[Information provided — start]

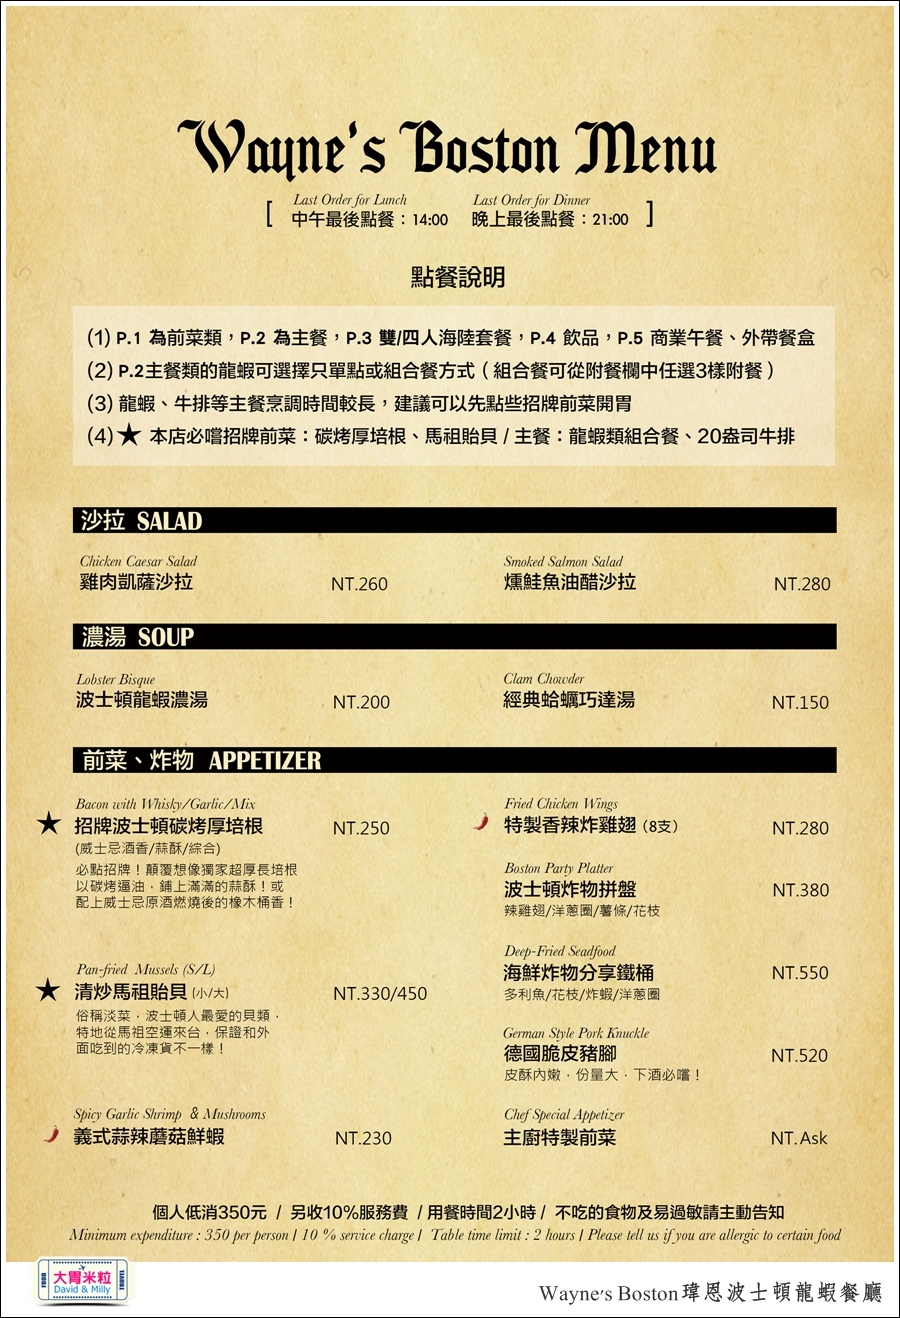 台北龍蝦餐廳推薦@Wayne's Boston瑋恩波士頓龍蝦餐酒館@大胃米粒0071 (1).jpg
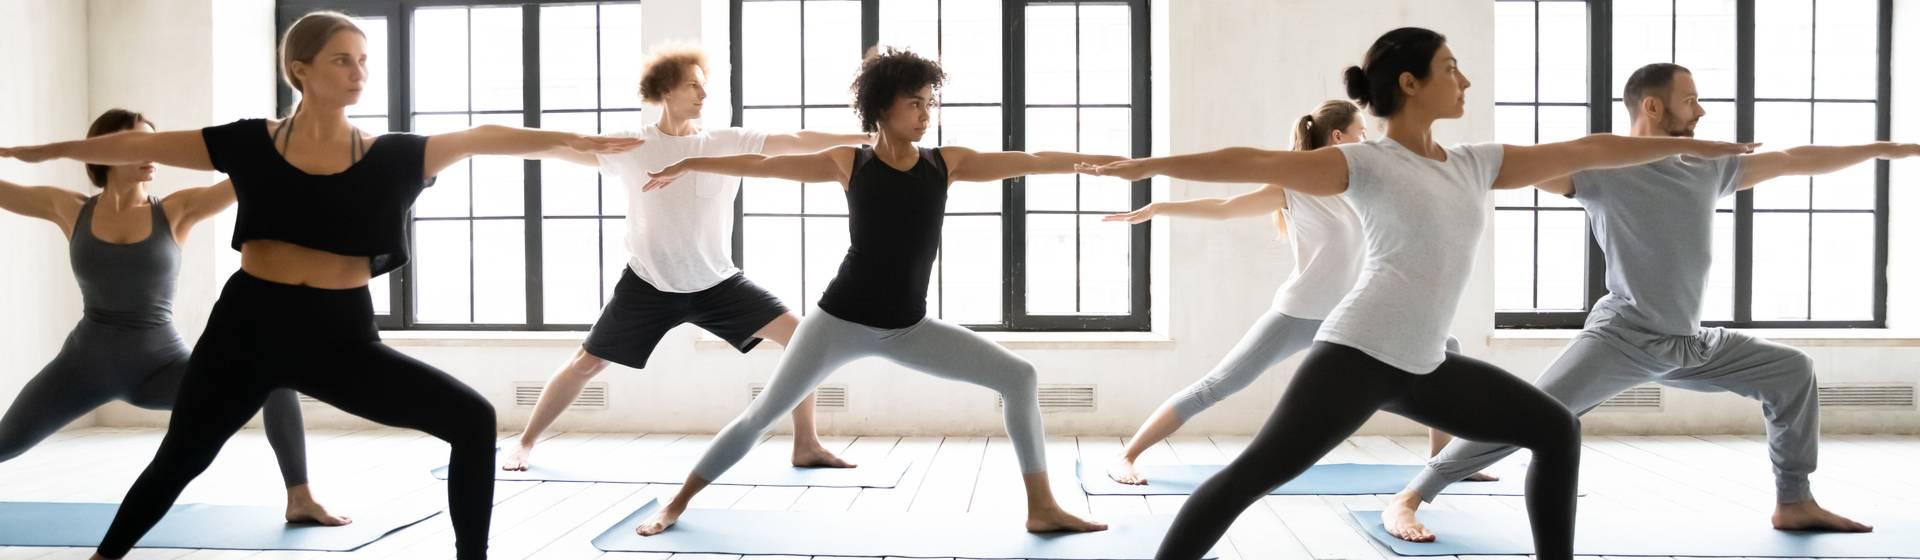 Hatha Yoga: o que é? Veja quais os benefícios e dicas de posturas
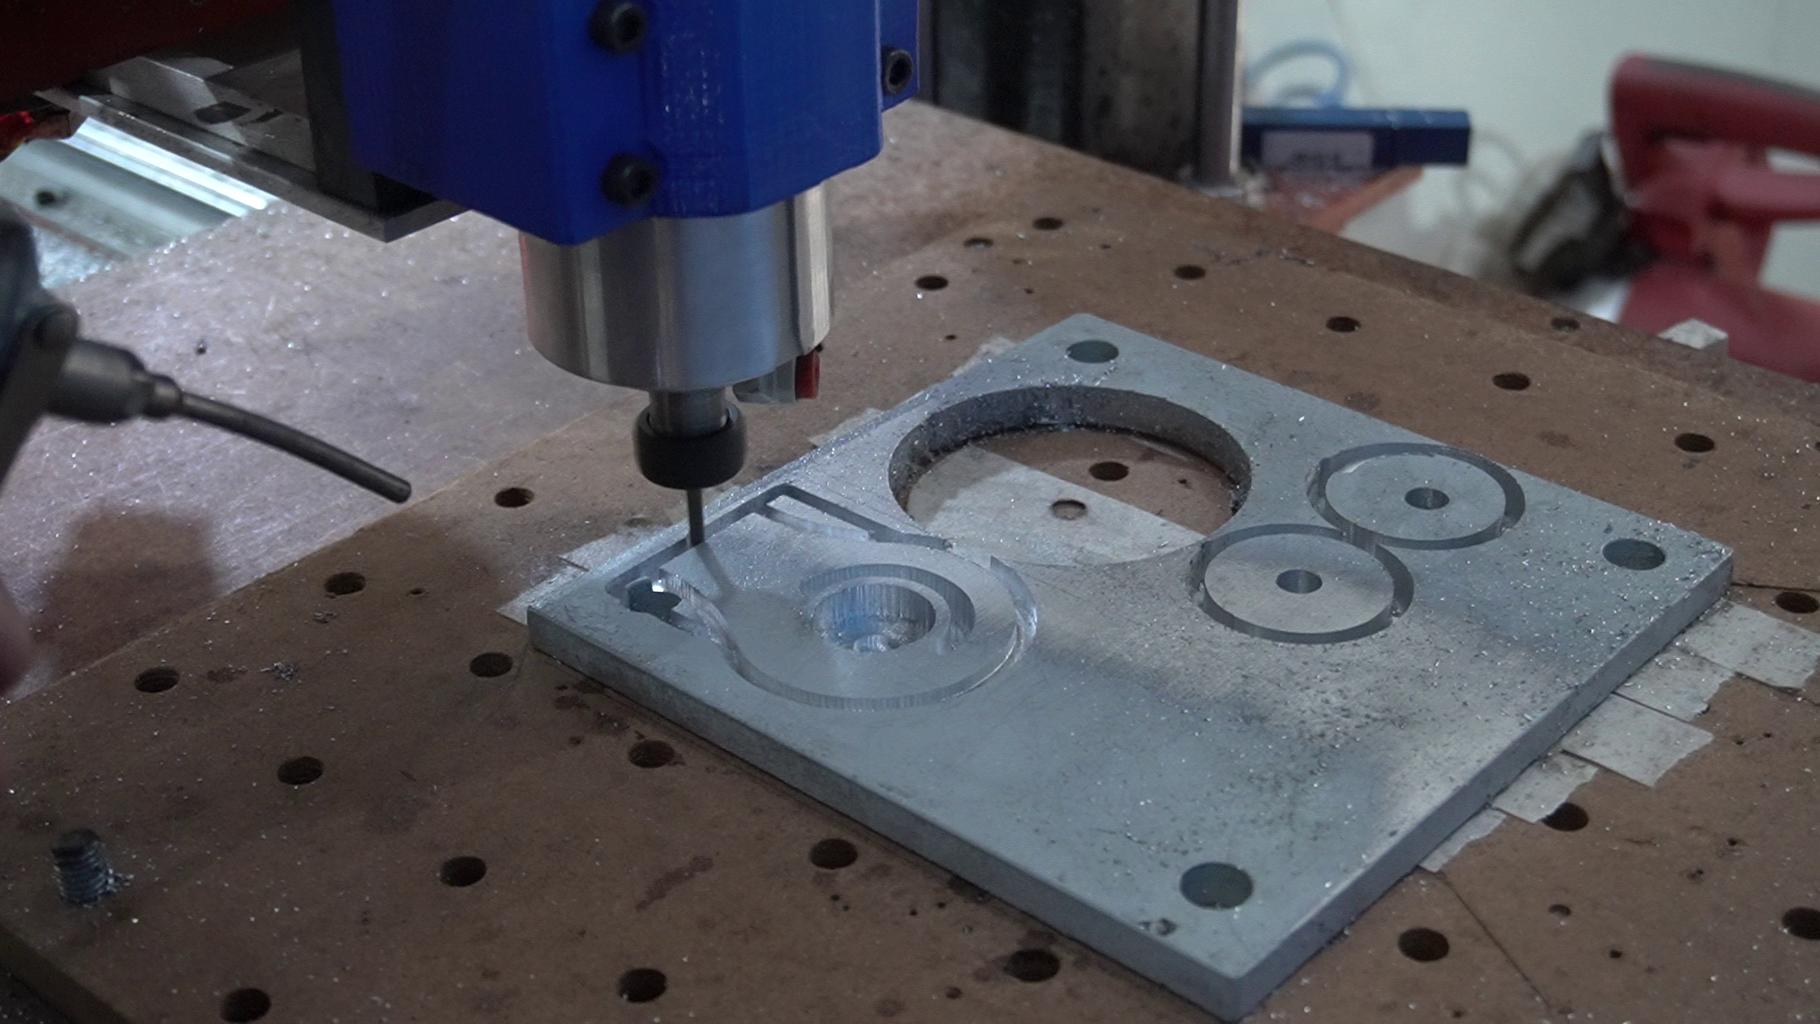 Machining the Aluminium to Make Jig

[Information provided — finish]

# [Work order]
Word-for-word transcription: the whole listing, with images excluded.

# [Response for this exercise]
 台北龍蝦餐廳推薦@Wayne's Boston瑋恩波士頓龍蝦餐酒館@大胃米粒0071 (1).jpg
 Hatha Yoga: o que é? Veja quais os benefícios e dicas de posturas
 Machining the Aluminium to Make Jig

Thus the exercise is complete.